# Forecasting web traffic with TimeGPT

Our task is to forecast the next 7 days of daily visits to the website [cienciadedatos.net](cienciadedatos.net).

In this tutorial we will show:
- How to load time series data to be used for forecasting with TimeGPT
- How to create cross-validated forecasts with TimeGPT

This tutorial is an adaptation from [Joaquín Amat Rodrigo, Javier Escobar Ortiz, "Forecasting web traffic with machine learning and Python"](https://cienciadedatos.net/documentos/py37-forecasting-web-traffic-machine-learning.html)

## 1. Import packages
First, we import the required packages and initialize the Nixtla client.

In [None]:
#| hide
from nixtla.utils import colab_badge

In [None]:
#| echo: false
colab_badge('docs/how-to-guides/forecasting_web_traffic_with_timegpt')

In [None]:
#| hide
from dotenv import load_dotenv

In [None]:
#| hide
load_dotenv()

In [None]:
import pandas as pd
from nixtla import NixtlaClient

In [None]:
nixtla_client = NixtlaClient(
    # defaults to os.environ.get("NIXTLA_API_KEY")
    api_key = 'my_api_key_provided_by_nixtla'
)

In [None]:
#| hide
nixtla_client = NixtlaClient()

## 2. Load data

We load the website visit data, and set it to the right format to use with TimeGPT. In this case, we only need to add an identifier column for the timeseries, which we will call `daily_visits`.

In [None]:
url = ('https://raw.githubusercontent.com/JoaquinAmatRodrigo/Estadistica-machine-learning-python/' +
       'master/data/visitas_por_dia_web_cienciadedatos.csv')
df = pd.read_csv(url, sep=',', parse_dates=[0], date_format='%d/%m/%y')
df['unique_id'] = 'daily_visits'

df.head(10)

That's it! No more preprocessing is necessary.

## 3. Cross-validation with TimeGPT

We can perform cross-validation on our data as follows:

In [None]:
timegpt_cv_df = nixtla_client.cross_validation(
    df, 
    h=7, 
    n_windows=8, 
    time_col='date', 
    target_col='users', 
    freq='D',
    level=[80, 90, 99.5]
)
timegpt_cv_df.head()

Here, we have performed a rolling cross-validation of 8 folds.
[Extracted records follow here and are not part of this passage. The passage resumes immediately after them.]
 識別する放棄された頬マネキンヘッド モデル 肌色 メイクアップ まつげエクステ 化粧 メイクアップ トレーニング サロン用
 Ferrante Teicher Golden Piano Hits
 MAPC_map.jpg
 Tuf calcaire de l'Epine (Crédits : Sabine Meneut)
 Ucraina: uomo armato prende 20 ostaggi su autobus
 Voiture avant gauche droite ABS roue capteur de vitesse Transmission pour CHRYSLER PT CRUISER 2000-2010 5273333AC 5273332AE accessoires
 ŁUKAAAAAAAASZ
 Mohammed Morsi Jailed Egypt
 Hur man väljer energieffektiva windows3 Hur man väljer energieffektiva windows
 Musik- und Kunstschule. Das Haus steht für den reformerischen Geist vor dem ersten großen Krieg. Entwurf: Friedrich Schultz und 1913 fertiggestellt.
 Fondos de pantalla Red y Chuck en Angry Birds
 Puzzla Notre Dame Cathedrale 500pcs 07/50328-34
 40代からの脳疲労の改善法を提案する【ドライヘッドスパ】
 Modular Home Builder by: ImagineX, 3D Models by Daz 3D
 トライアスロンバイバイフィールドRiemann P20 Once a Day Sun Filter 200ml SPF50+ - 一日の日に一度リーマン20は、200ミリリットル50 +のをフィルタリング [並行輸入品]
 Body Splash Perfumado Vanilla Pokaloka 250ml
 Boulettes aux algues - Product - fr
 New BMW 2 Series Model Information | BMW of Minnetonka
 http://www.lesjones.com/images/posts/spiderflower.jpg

Let's plot the cross-validated forecasts including the prediction intervals:

In [None]:
nixtla_client.plot(
    df, 
    timegpt_cv_df.drop(columns=['cutoff', 'users']), 
    time_col='date',
    target_col='users',
    max_insample_length=90, 
    level=[80, 90, 99.5]
)

This looks reasonable, and very comparable to the results obtained [here](https://cienciadedatos.net/documentos/py37-forecasting-web-traffic-machine-learning.html).

Let's check the Mean Absolute Error of our cross-validation:

In [None]:
from utilsforecast.losses import mae

In [None]:
mae_timegpt = mae(df = timegpt_cv_df.drop(columns=['cutoff']),
    models=['TimeGPT'],
    target_col='users')

mae_timegpt

The MAE of our backtest is `167.69`. Hence, not only did TimeGPT achieve a lower MAE compared to the fully customized pipeline [here](https://cienciadedatos.net/documentos/py37-forecasting-web-traffic-machine-learning.html), the error of the forecast is also lower.

#### Exogenous variables

Now let's add some exogenous variables to see if we can improve the forecasting performance further.

We will add weekday indicators, which we will extract from the `date` column.

In [None]:
# We have 7 days, for each day a separate column denoting 1/0
for i in range(7):
    df[f'week_day_{i + 1}'] = 1 * (df['date'].dt.weekday == i)

df.head(10)

Let's rerun the cross-validation procedure with the added exogenous variables.

In [None]:
timegpt_cv_df_with_ex = nixtla_client.cross_validation(
    df, 
    h=7, 
    n_windows=8, 
    time_col='date', 
    target_col='users', 
    freq='D',
    level=[80, 90, 99.5]
)
timegpt_cv_df_with_ex.head()

Let's plot our forecasts again and calculate our error.

In [None]:
nixtla_client.plot(
    df, 
    timegpt_cv_df_with_ex.drop(columns=['cutoff', 'users']), 
    time_col='date',
    target_col='users',
    max_insample_length=90, 
    level=[80, 90, 99.5]
)

In [None]:
mae_timegpt_with_exogenous = mae(df = timegpt_cv_df_with_ex.drop(columns=['cutoff']),
    models=['TimeGPT'],
    target_col='users')

mae_timegpt_with_exogenous

To conclude, we obtain the following forecast results in this notebook:

In [None]:
mae_timegpt['Exogenous features'] = False
mae_timegpt_with_exogenous['Exogenous features'] = True

df_results = pd.concat([mae_timegpt, mae_timegpt_with_exogenous])
df_results = df_results.rename(columns={'TimeGPT':'MAE backtest'})
df_results = df_results.drop(columns={'unique_id'})
df_results['model'] = 'TimeGPT'

df_results[['model', 'Exogenous features', 'MAE backtest']]

We've shown how to forecast daily visits of a website. 

Did you notice how little effort that took? What you did not have to do, is:

- Elaborate data preprocessing - just a table with timeseries is sufficient
- Creating a validation- and test set - TimeGPT handles the cross-validation in a single function
- Choosing and testing different models - It's just a single call to TimeGPT
- Hyperparameter tuning - Not necessary.

Happy forecasting!